La représentation de scènes réelles n’est pas l’unique intérêt de notre artiste brodeuse. Depuis son jeune âge, elle se lance vers l’irréel : « Je viens de finir ce tableau sur lequel j’ai mis un arbre autre que le sycomore de notre centre. Je vois cet arbre tous les jours devant ma maison. Il va sans dire qu’il n’existe aucun arbre dans notre région qui porte des feuilles de cette couleur. J’ai changé les couleurs originales avec d’autres couleurs de ma pure imagination. Il est beau, n’est-ce pas ? ».
Férial posait la question tout en étant sûre, absolument, que son tableau était beau, même très beau. « Il faut un peu de fantaisie. Mais il faut aussi produire un travail minutieux et très raffiné pour plaire ». Elle reprend la parole : « Au cours des premières années de notre fréquentation de ce centre, nous avons appris à rêver, à être patientes et à aimer le travail et l’art que nous produisons. Aujourd’hui, la majorité de mes collègues ont dépassé la soixantaine. On n’est plus énergiques comme avant, et avec le temps et les années passées, nous avons perdu une partie de notre patience et de notre capacité visuelle aussi. Aujourd’hui, je porte des lunettes et j’ai des palpitations quand je monte les escaliers. Mais après tout, le cycle de la vie continuera ».
Le fil ne se coupe pas, mais au contraire, il s’allonge. Les filles de Férial, Nagwa et Naglaa, début de la quarantaine, possèdent des diplômes universitaires, mais sont sans travail. Outre les tâches de maîtresses de maison, elles ont réussi à se dénicher quelques heures de libre pour tenter de dessiner avec du fil, comme fait leur mère depuis plus de 50 ans. Pour les connaisseurs de l’art d’Akhmim, les filles possèdent le don artistique nécessaire, mais aussi beaucoup d’imagination et, en plus, leurs tableaux se vendent facilement.

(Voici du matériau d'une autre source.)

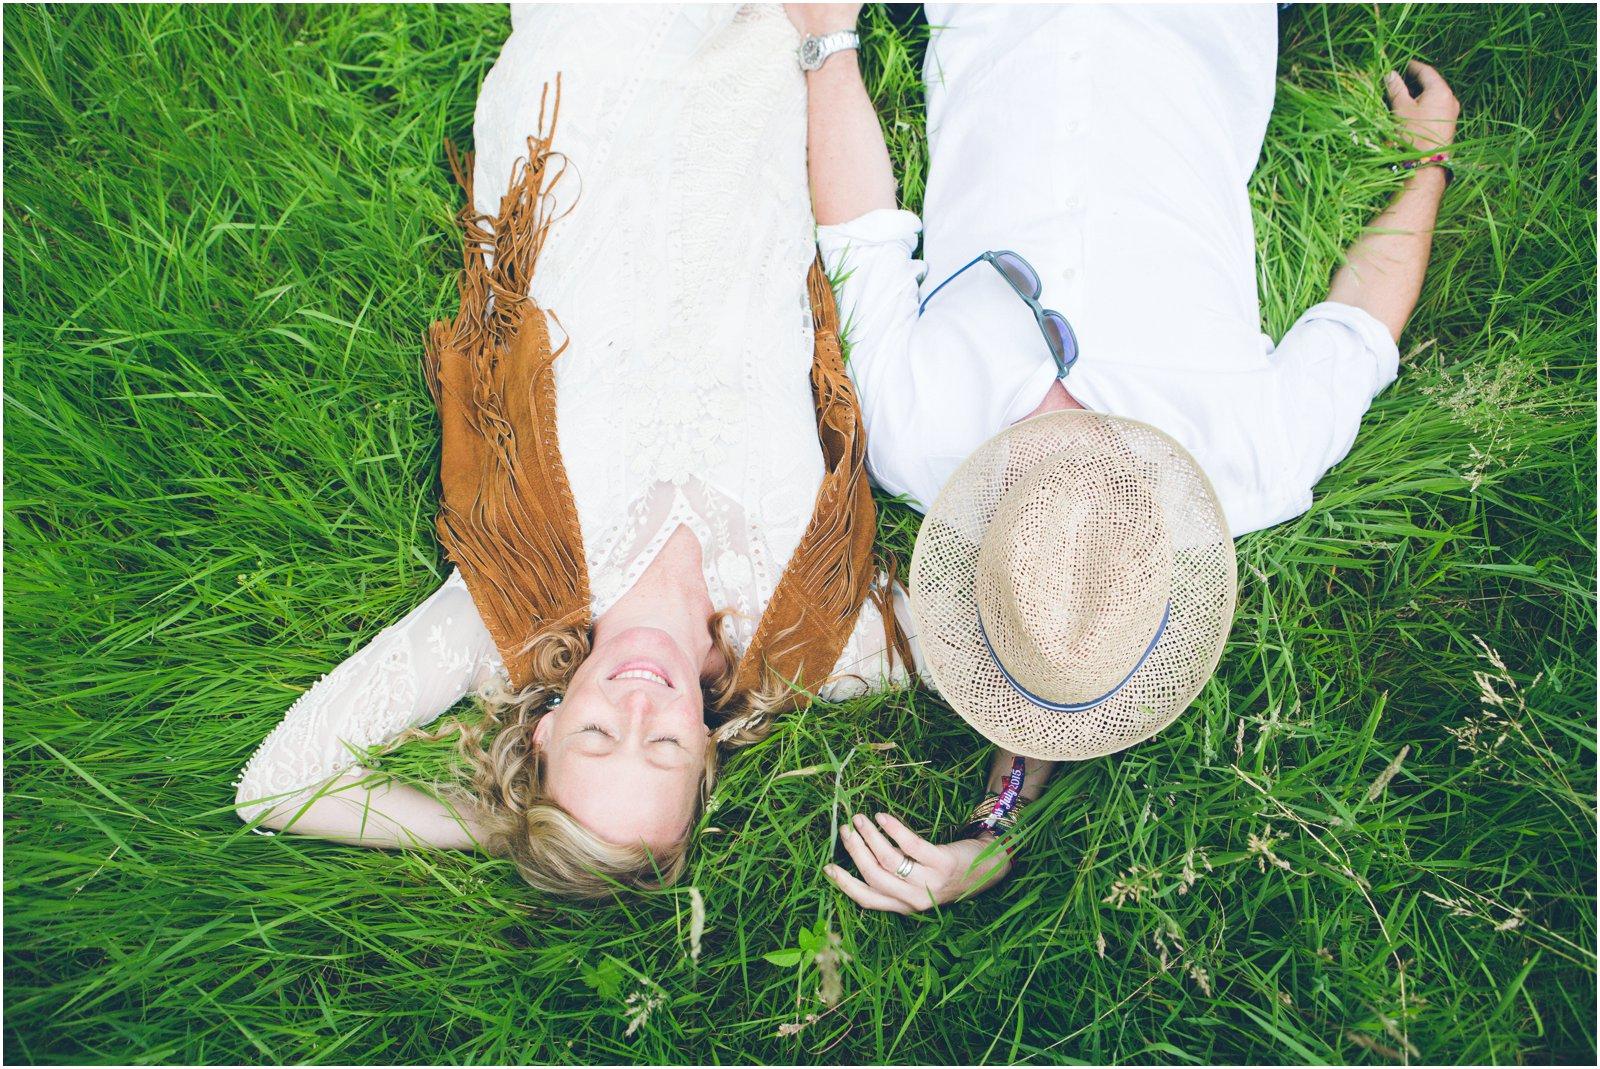 Sally and Damien's wedding festival by Summertown Pictures-78_DerrynSchmidt

Apparemment, la tradition se forge pour devenir éternelle dans ce minuscule paradis de la Haute-Egypte, rendant correcte la citation du poète et écrivain irlandais James Joyce : « Ce qui importe par-dessus tout dans une oeuvre d’art, c’est la profondeur vitale de laquelle elle a pu jaillir ».
Jalons :
1960 : Naissance à Akhmim, gouvernorat de Sohag, à 450 km au sud du Caire.
1973 : Entrée comme apprentie tisserande au Centre communautaire d’Akhmim, l’un des dizaines de centres de l’Association de la Haute-Egypte.
1976 : Transférée, à sa demande, au groupe des brodeuses.
2009 : Production de son tableau Le Sycomore, vendu et exposé dans une résidence canadienne.
2016 : Production de son tableau La Vendeuse de fromage, vendu et exposé dans une résidence canadienne.
2018 : Production de son tableau intitulé Les Contes des filles et des femmes d’Akhmim, conservé dans la collection historique de l’Association.